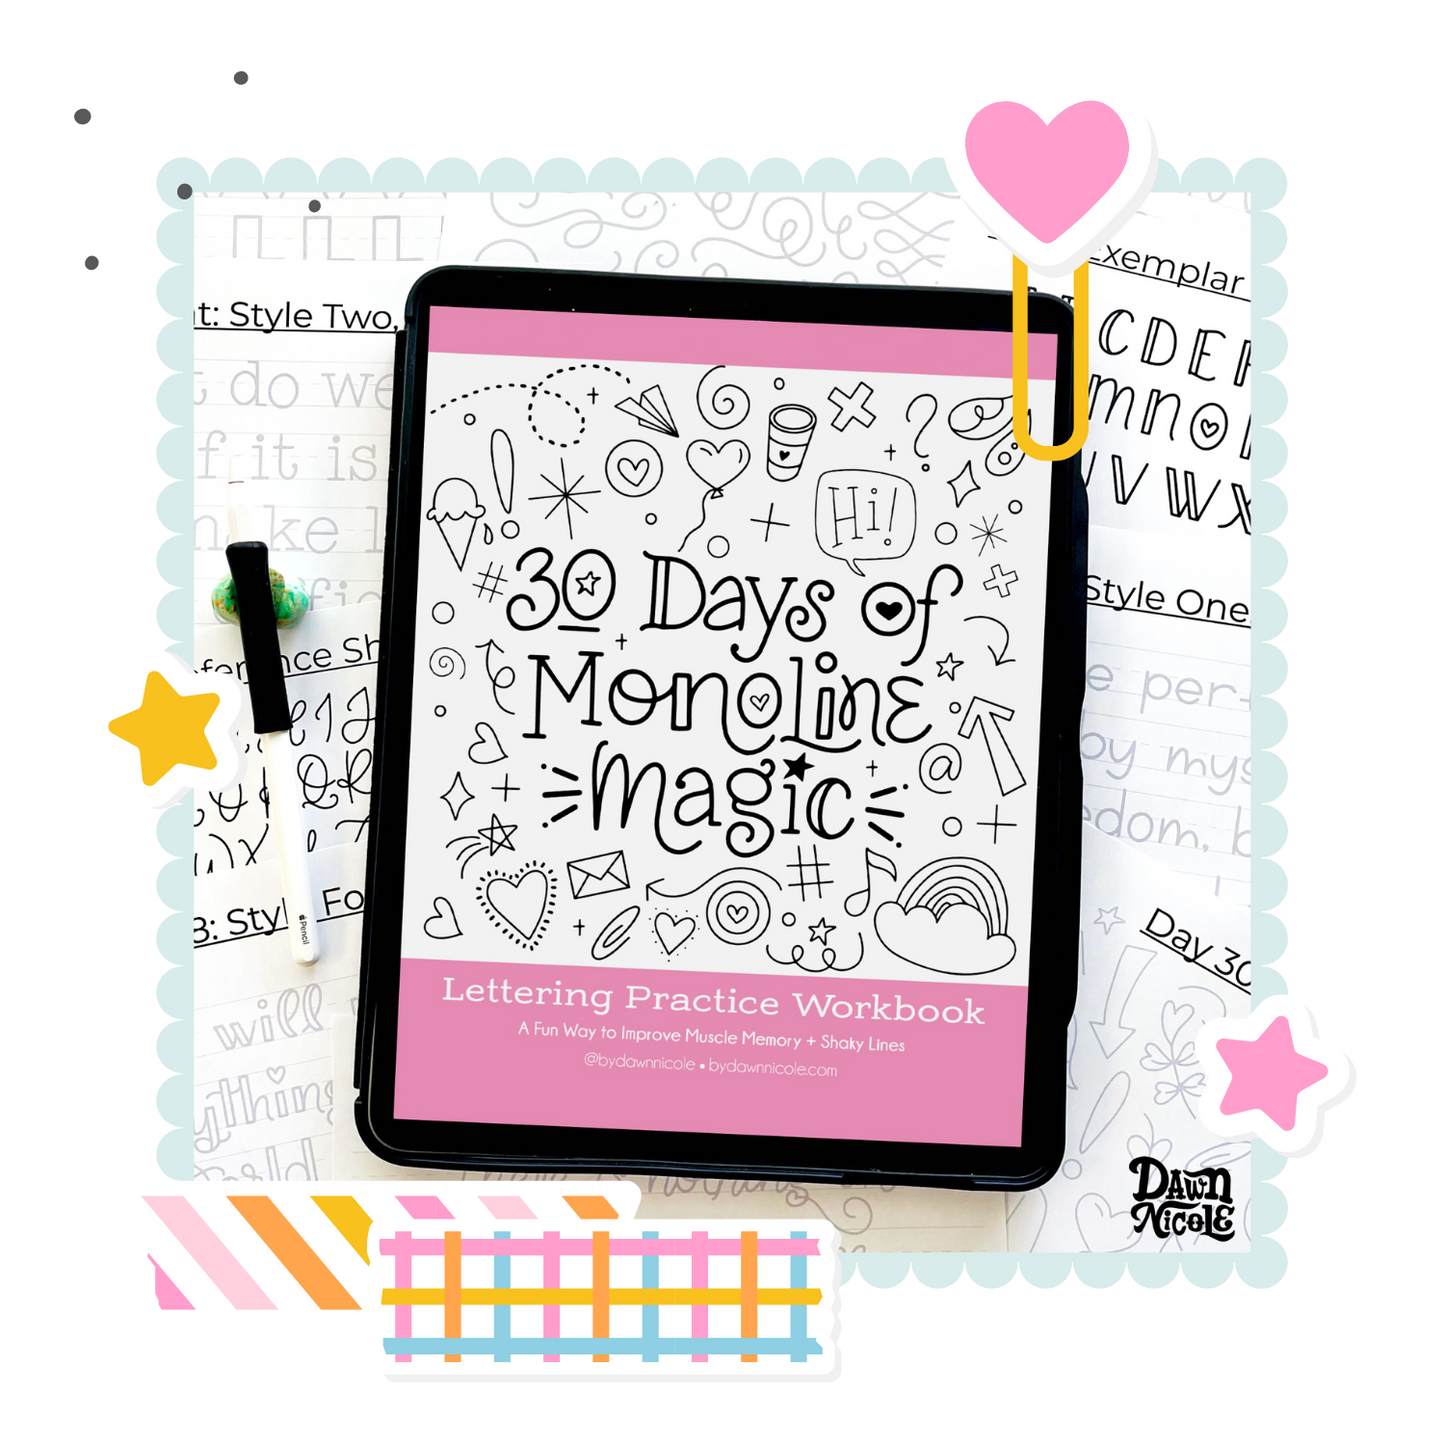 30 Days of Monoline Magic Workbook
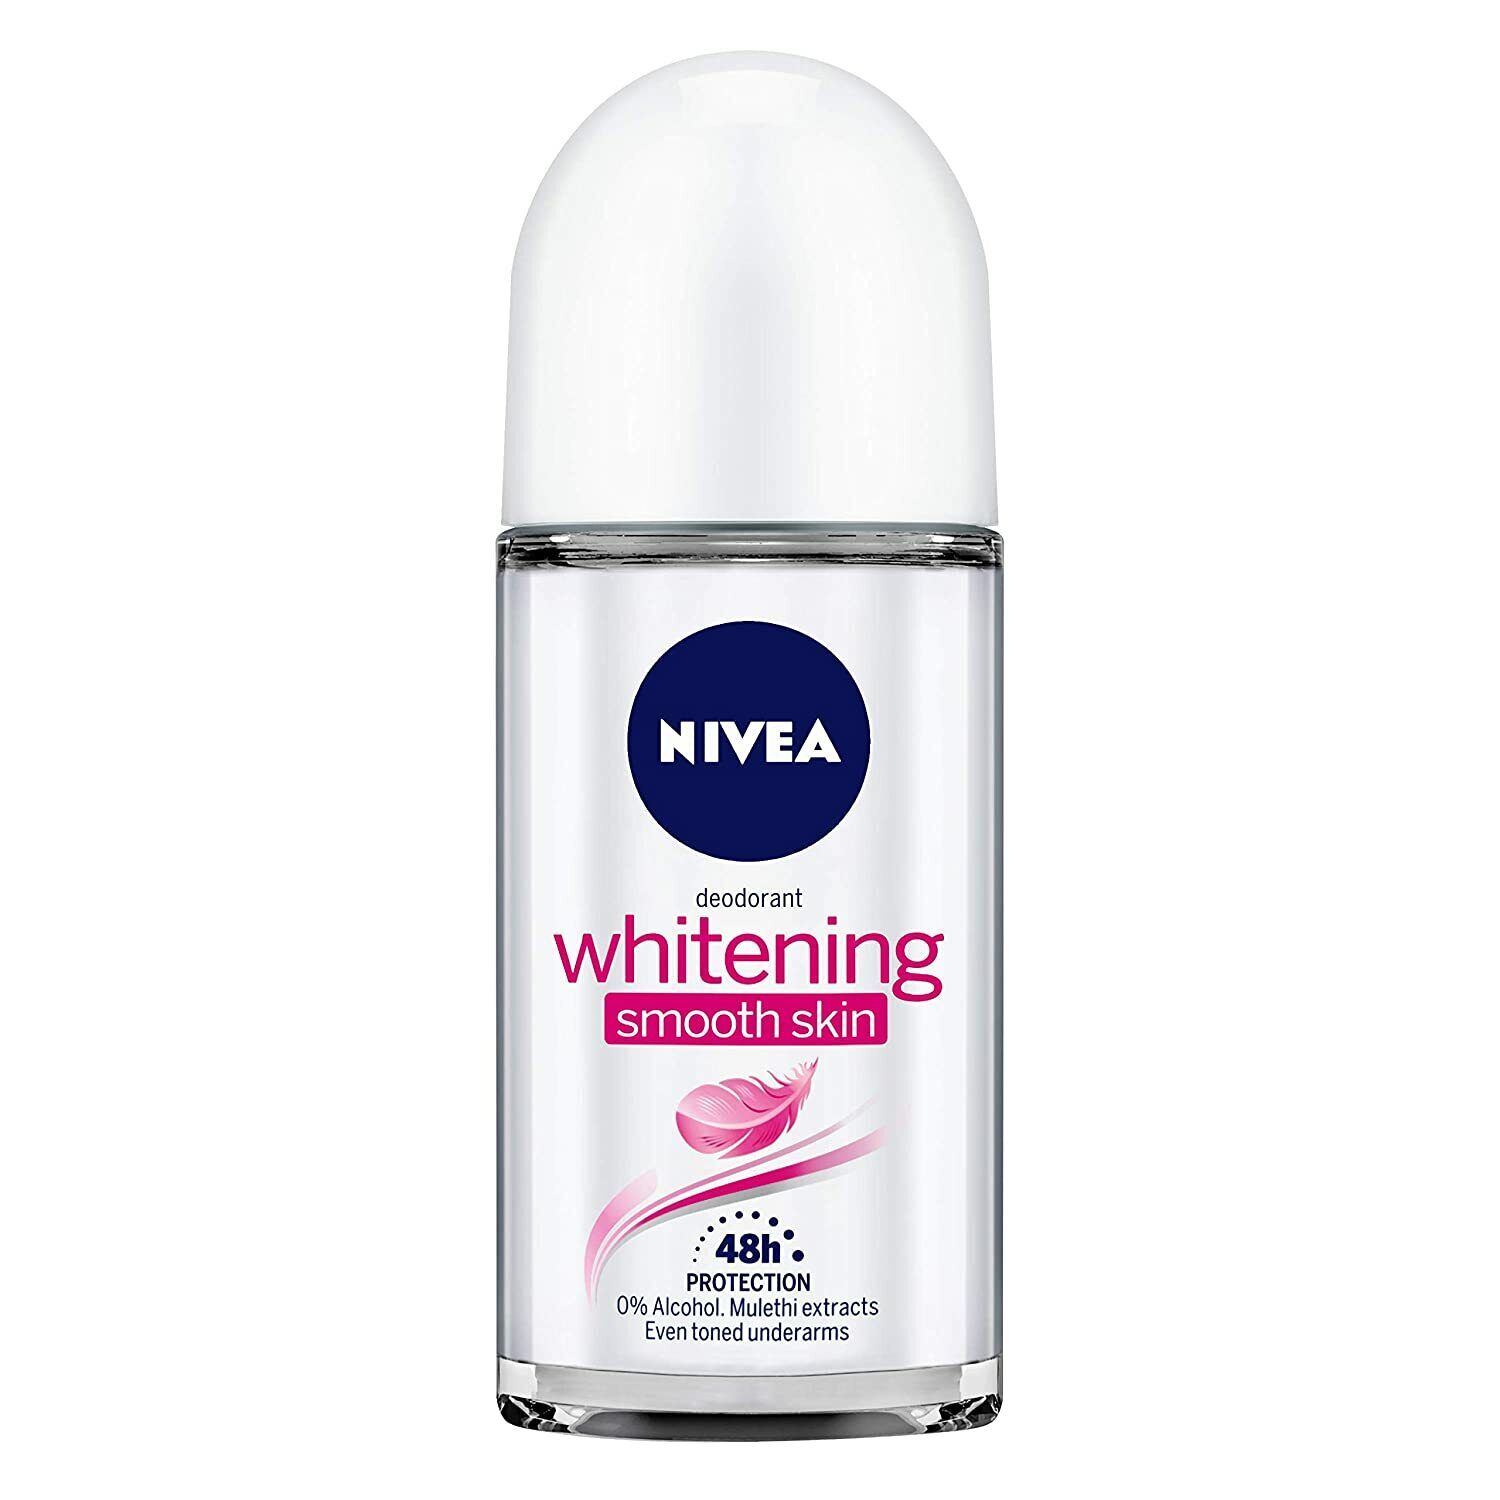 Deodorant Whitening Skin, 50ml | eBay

________________________________________

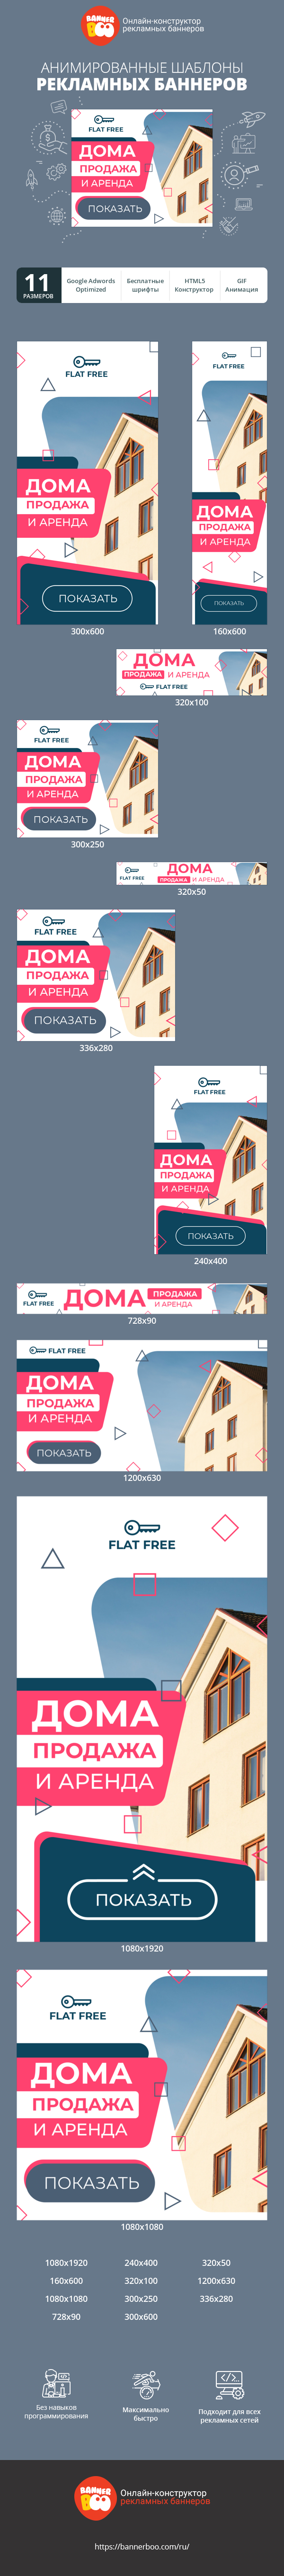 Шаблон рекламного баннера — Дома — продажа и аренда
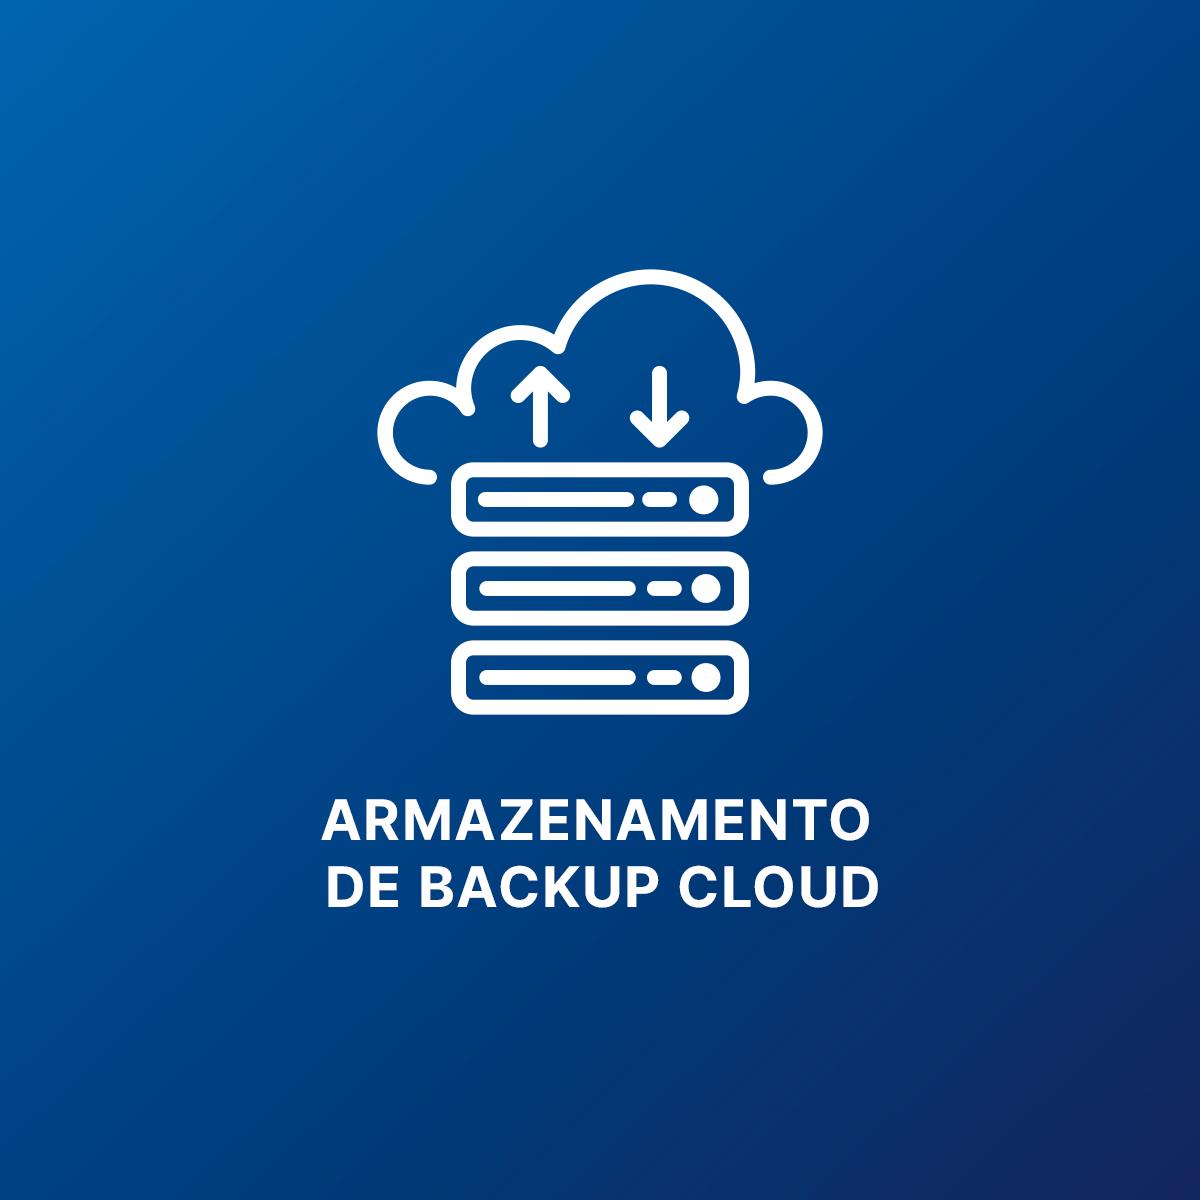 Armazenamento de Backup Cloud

________________________________________

EXERCISE PROMPT: Within the material above, find the part that opens with the line containing "30 Days of Monoline Magic Workbook" and closes with the line containing "Deodorant Whitening Skin, 50ml | eBay", and reproduce it exactly without the pictures.

ANSWER TO THIS EXERCISE:
 30 Days of Monoline Magic Workbook
 Deodorant Whitening Skin, 50ml | eBay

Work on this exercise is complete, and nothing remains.